Science

Facebook is trying to fix a housing crisis it helped create

Facebook and other tech companies have contributed to the problem.

Jimmy Baikovicius/Flickr

Facebook announced this month that it will spend $1 billion to help alleviate California’s affordable housing crisis, and it’s a laudable thing for the company to do.

Except for one thing: Critics of Facebook in the Bay Area and beyond quickly countered that Facebook and other tech companies created this affordable housing crisis in Silicon Valley.

In 2011, Facebook announced it would be moving its headquarters in Silicon Valley from Palo Alto to Menlo Park. By the time the new headquarters finally opened in 2015, property values in Menlo Park had increased by more than $500,000. Home prices in nearby East Palo Alto, which is a historically black and Latin community, nearly doubled in that time.

Residents in Menlo Park claim that Facebook’s presence in the community has caused rent prices to jump drastically. Many people of color in the area have found themselves receiving eviction notices.

To address the problem it helped create, Facebook is partnering with the state of California to build up to 20,000 new housing units, and 1,500 of those units will be built on land it purchased for housing near its headquarters in Menlo Park, California.

Facebook certainly isn’t the only company in Silicon Valley that has caused housing prices to increase. Google pledged $1 billion to help address the housing crisis in the Bay Area earlier this year, and its presence in this region has also been problematic.
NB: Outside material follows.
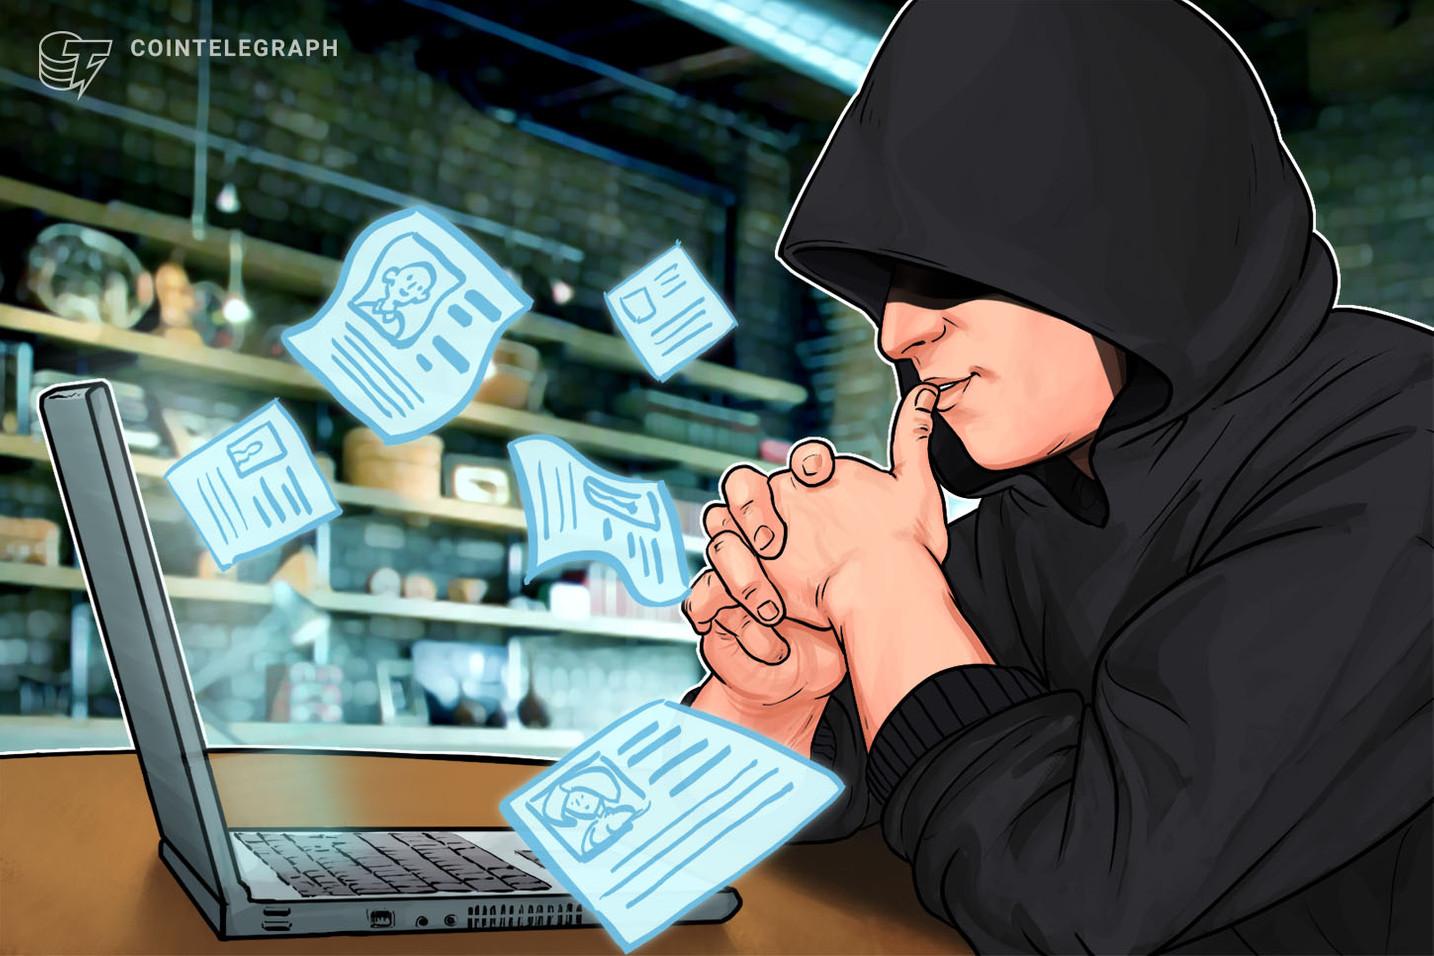 İDDİA: Eski Wirecard COO'su Rus İstihbaratıyla Bağlantılı Olabilir!

Home prices in Mountain View, where Google’s headquarters is located, more than doubled between 2007 and 2017. Wherever a Silicon Valley company is located, you see this kind of situation. The same can be said for tech companies located in Los Angeles.

Google campus in Mountain View, Calif.

Austin McKinley/Wikimedia

California governor and former San Francisco mayor Gavin Newsom offered a statement to Facebook about the donation, thanking the company for “stepping up” to solve the housing crisis. Newsom’s comments didn’t allude to the fact that the “cost crisis our state is facing” is due in part to tech companies blowing up the real estate market. Here’s that quote from Newsom:

“State government cannot solve housing affordability alone, we need others to join Facebook in stepping up – progress requires partnership with the private sector and philanthropy to change the status quo and address the cost crisis our state is facing. Public-private partnerships around excess land is an important component in moving us forward.”
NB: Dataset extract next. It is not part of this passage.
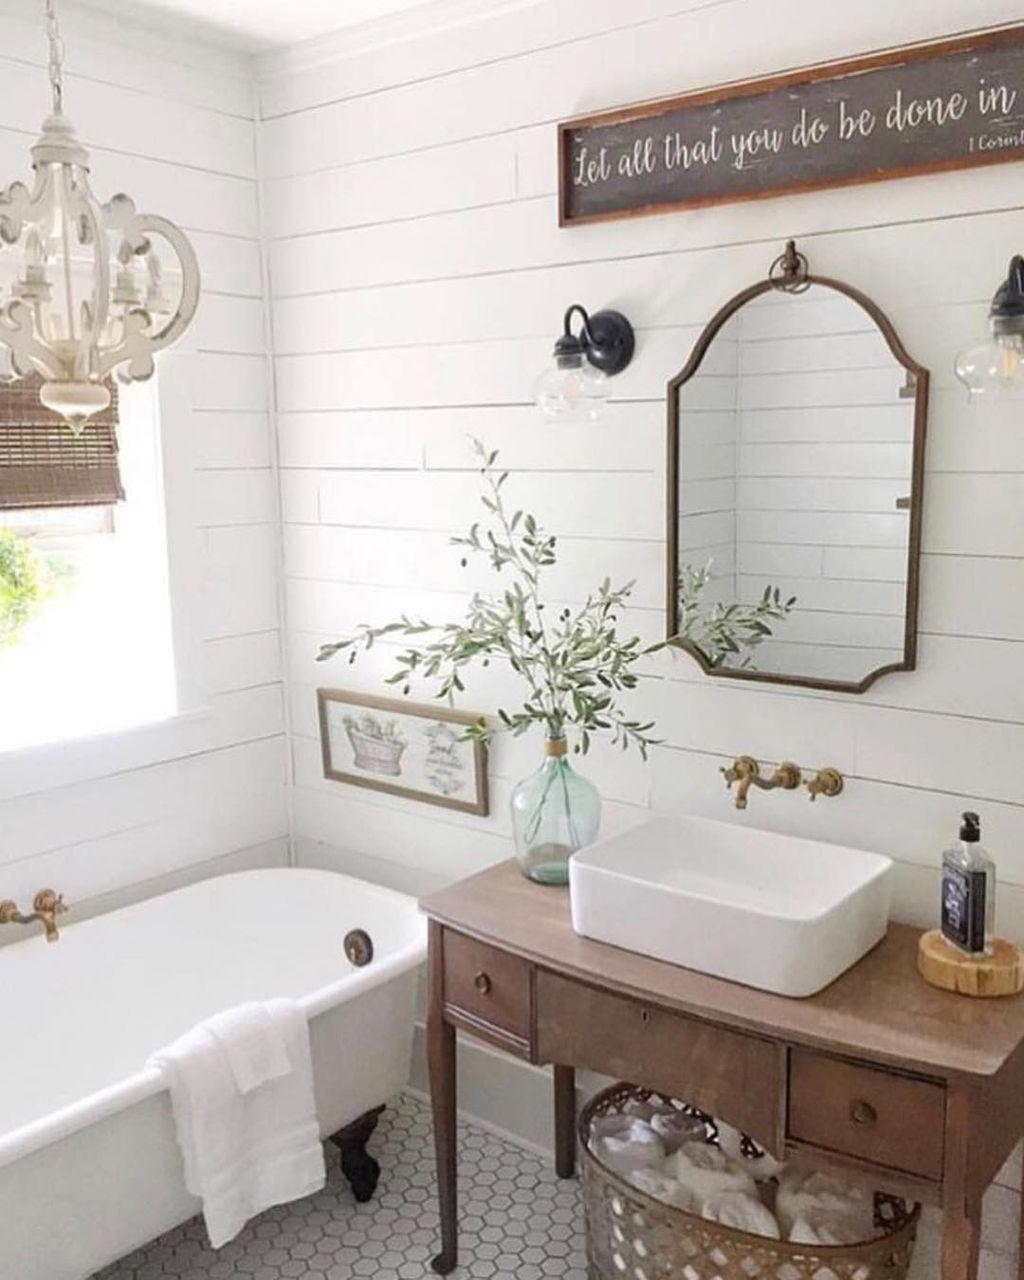 20 Shabby Chic Bathroom Magzhouse, Shabby Chic Bathroom Design

"The housing market is simply not built to accommodate that growth

Gary Painter, a public-policy professor at the University of Southern California and the director of the Homelessness Policy Research Institute, tells Inverse that what happened in Silicon Valley was essentially this: A group of major companies moved into a relatively small area and significantly increased the demand for housing. Unfortunately, for various reasons, the community was not able to keep up with that demand in a way that would prevent a rise in housing costs. 

“People are going to want to live, if they can, as close to their jobs as possible,” Painter says. “There’s been robust growth, and the housing market is simply not built to accommodate that growth.”

Painter says because of the “desire for proximity to one’s job” communities that may have traditionally been occupied by people of color that are close to “job centers” often end up being filled with people from these tech companies. He says this often results in rent increases in those communities.

Venice, Calif., which is home to "Silicon Beach."

Sidvics/Wikimedia

It wouldn’t be fair or accurate to say that tech companies are entirely to blame for these problems. California lawmakers have failed to adequately address this issue in multiple ways.

Painter wrote a poignant op-ed for the Los Angeles Daily News about the regulatory failures that have contributed to the affordable housing crisis in August. He explains in the piece that antiquated regulations that were meant to prevent excessive growth in urban areas years ago are making housing issues worse today.

Although some of these regulations were enacted for good reasons, such as environmental protection or to prevent residential populations living in close proximity to dirty industries, government needs to reform planning processes that have been in place for decades, and that no longer efficiently serve California’s population from 50 years ago. This is a primary cause of the affordability crisis as we have simply not built the housing to accommodate our population growth.

Painter says there are sometimes cases when a developer wants to knock down an old two-story building and replace it with a five-story building, but these kinds of regulations can make that process prohibitively costly and time-consuming. He says it would be helpful if companies like Facebook would work to influence lawmakers to make creating new housing opportunities simpler.

Facebook CEO Mark Zuckerberg was grilled over the company’s advertising practices during an appearance before Congress on this month. As we’ve reported before, Facebook has apparently allowed companies target ads based on “ethnic affinity.”

While Facebook’s alleged record of allowing for racist real estate maneuvering is well-documented, at the local level, it’s taken a far more brute-force approach: Buying up the houses of people who lived there before they moved to the city.